[PROMPT]
Find the line containing "Figure US20070049593A1-20070301-C00260" in the material below, then please transcribe it and each line after it exactly, without the pictures.

[PROVIDED DATA]
....................

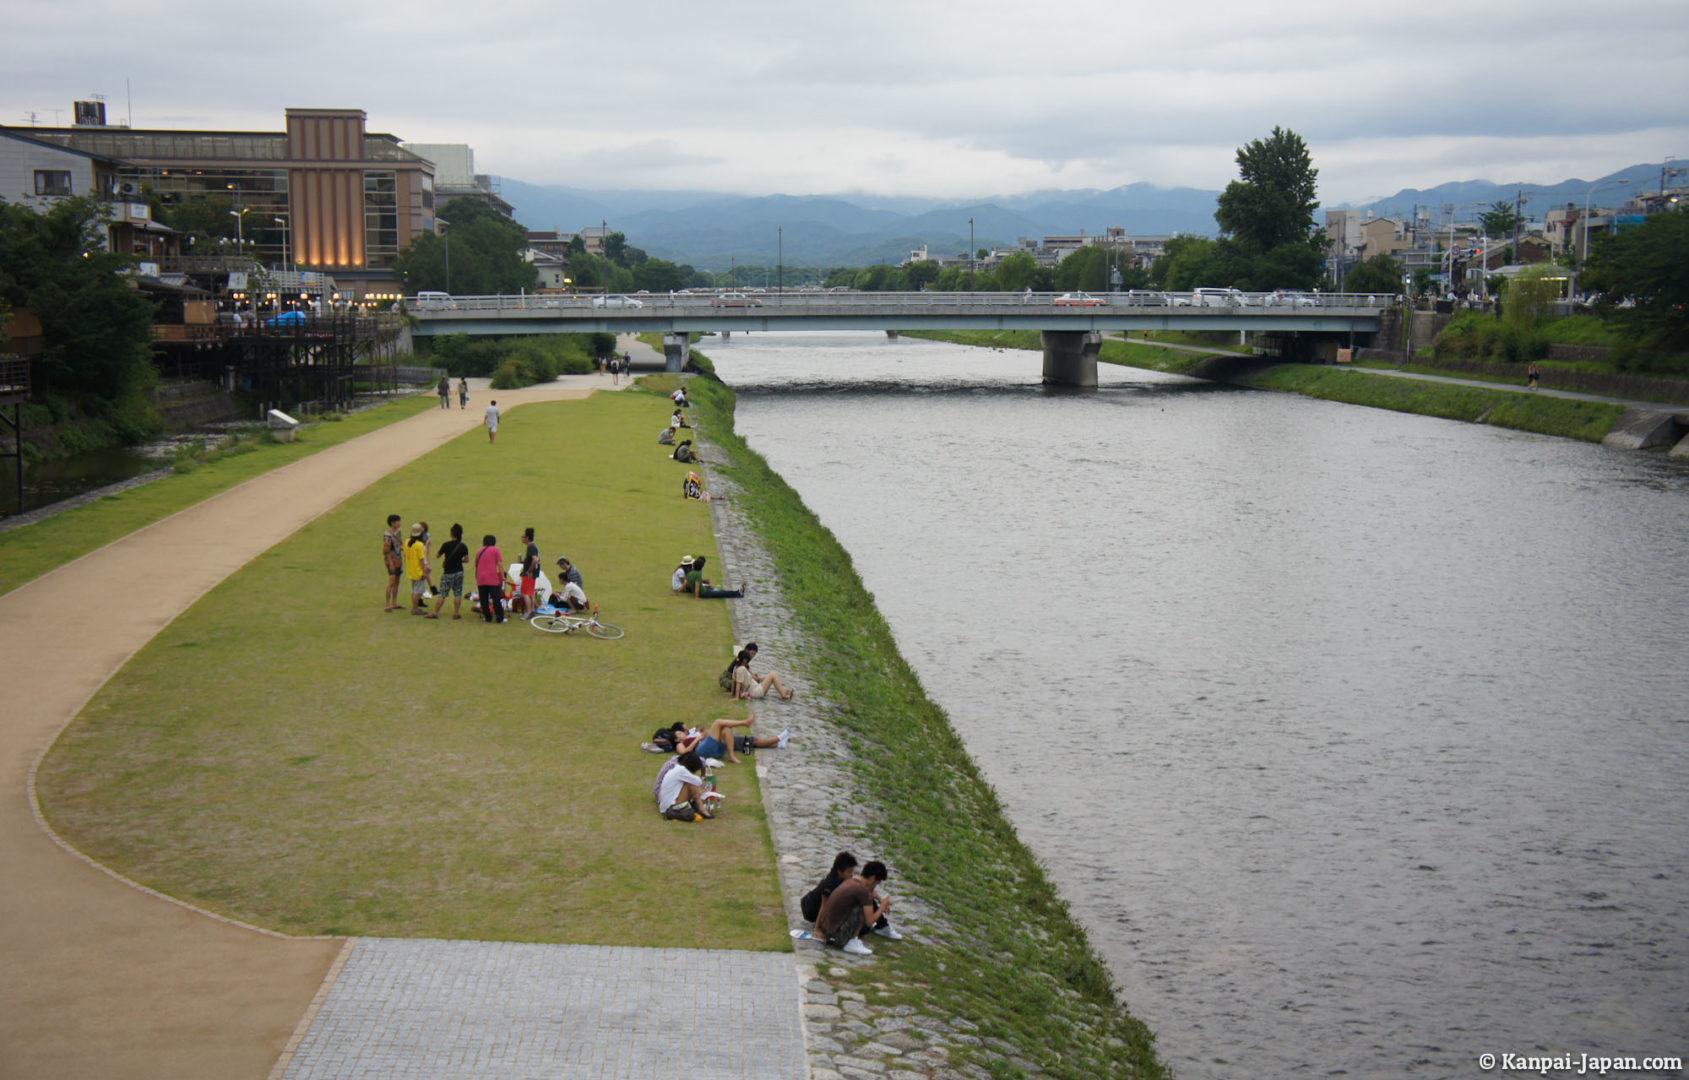 luoghi spirituali del giappone, Kamo River
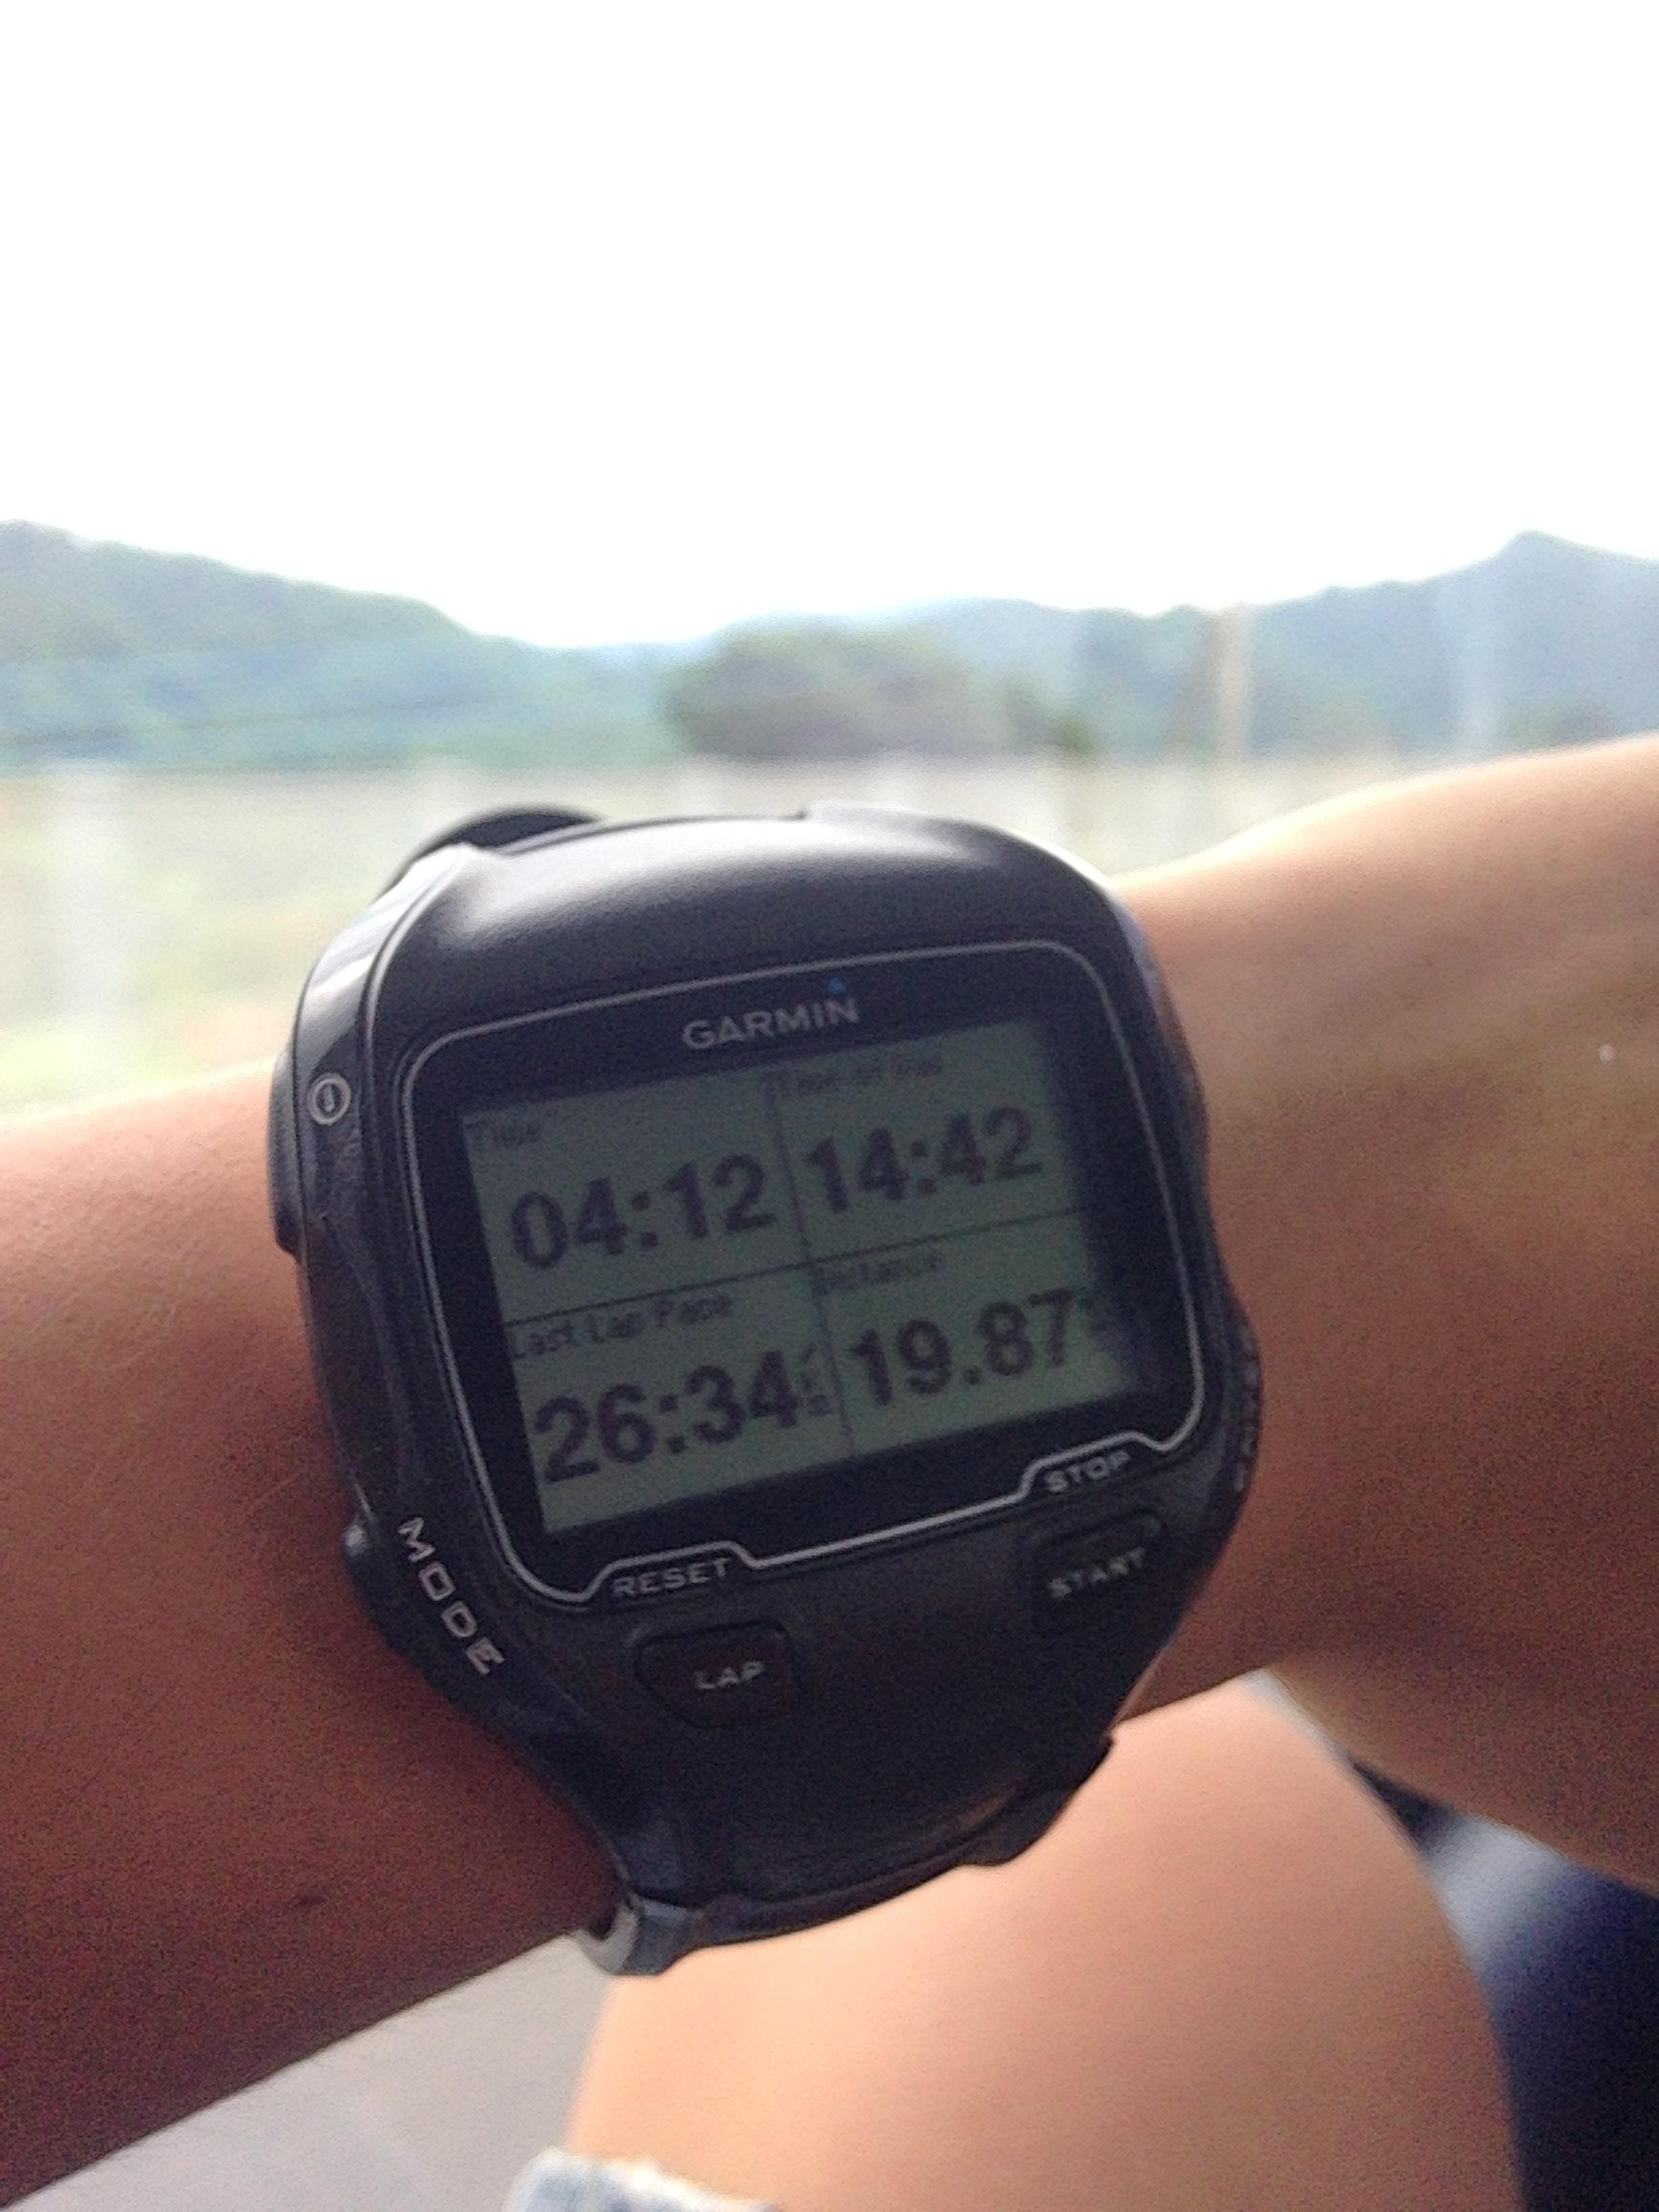 第68回富士登山競走で八合目関門に間に合わなかった僕がレースを振り返ります~五合目から八合目まで~
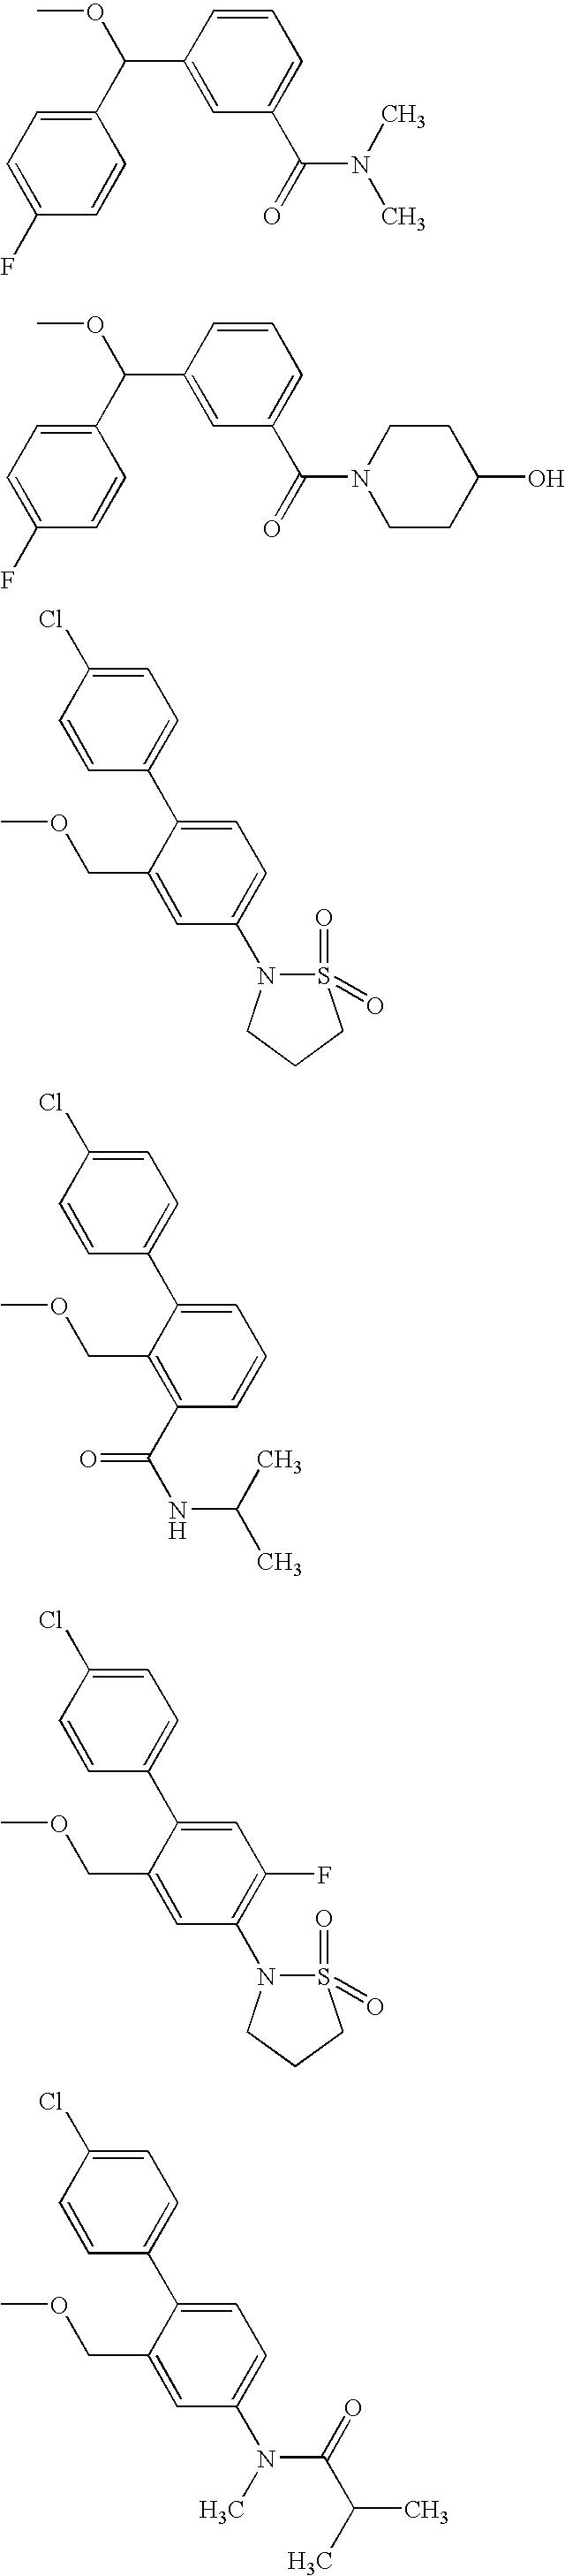 Figure US20070049593A1-20070301-C00260
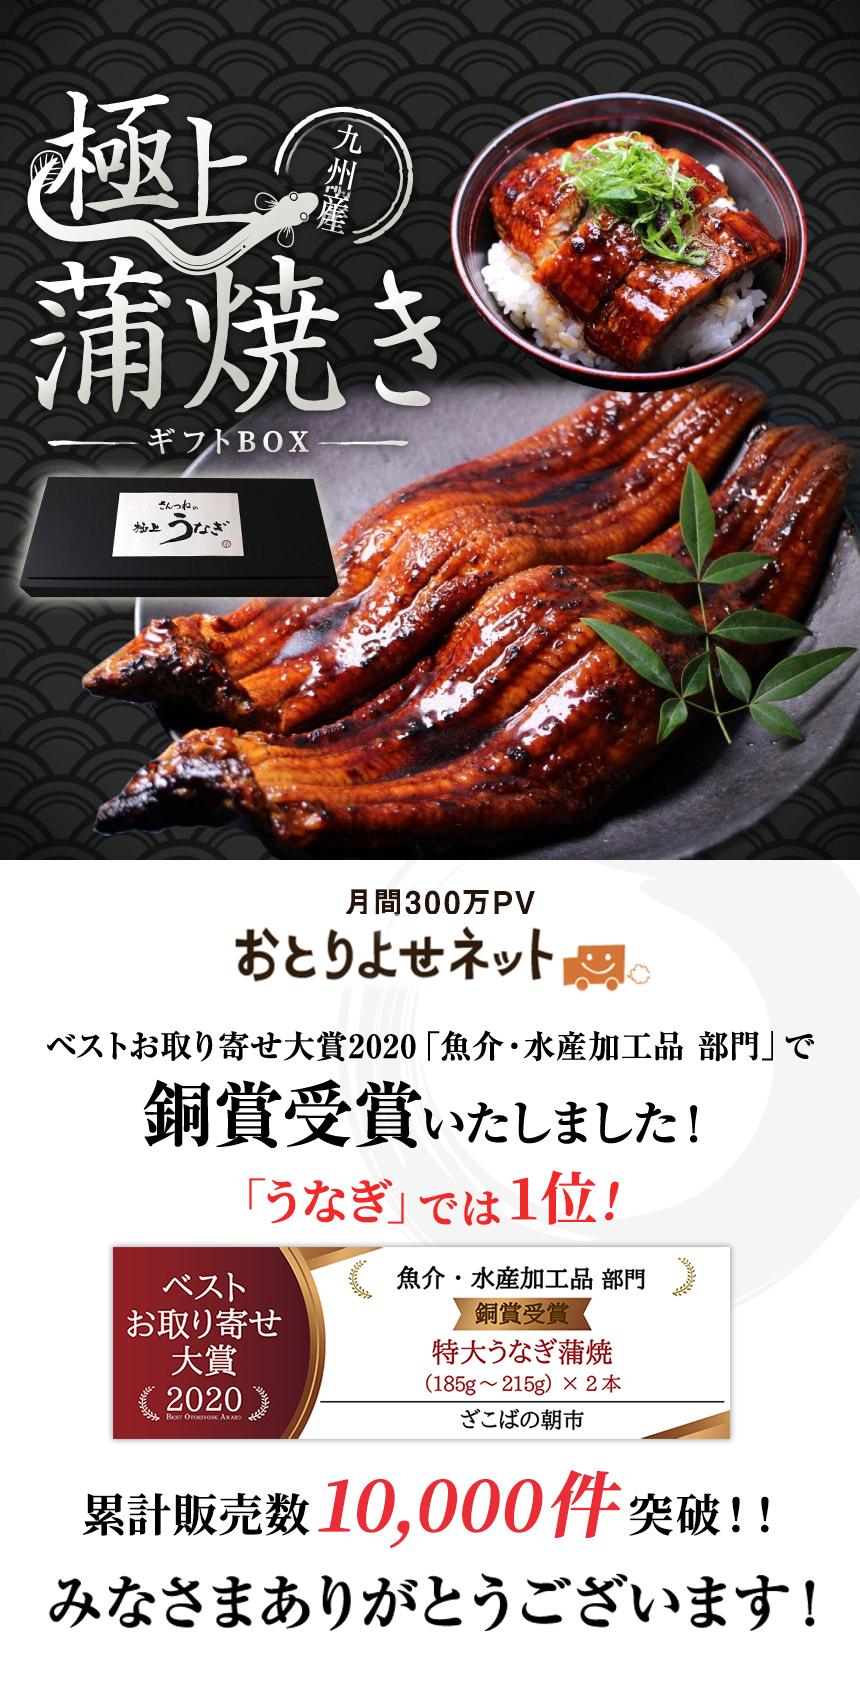 九州産うなぎ(鰻・ウナギ)の蒲焼きお取り寄せギフト(ギフトボックス)

....................

[ANSWER SPACE]
 Figure US20070049593A1-20070301-C00260
 九州産うなぎ(鰻・ウナギ)の蒲焼きお取り寄せギフト(ギフトボックス)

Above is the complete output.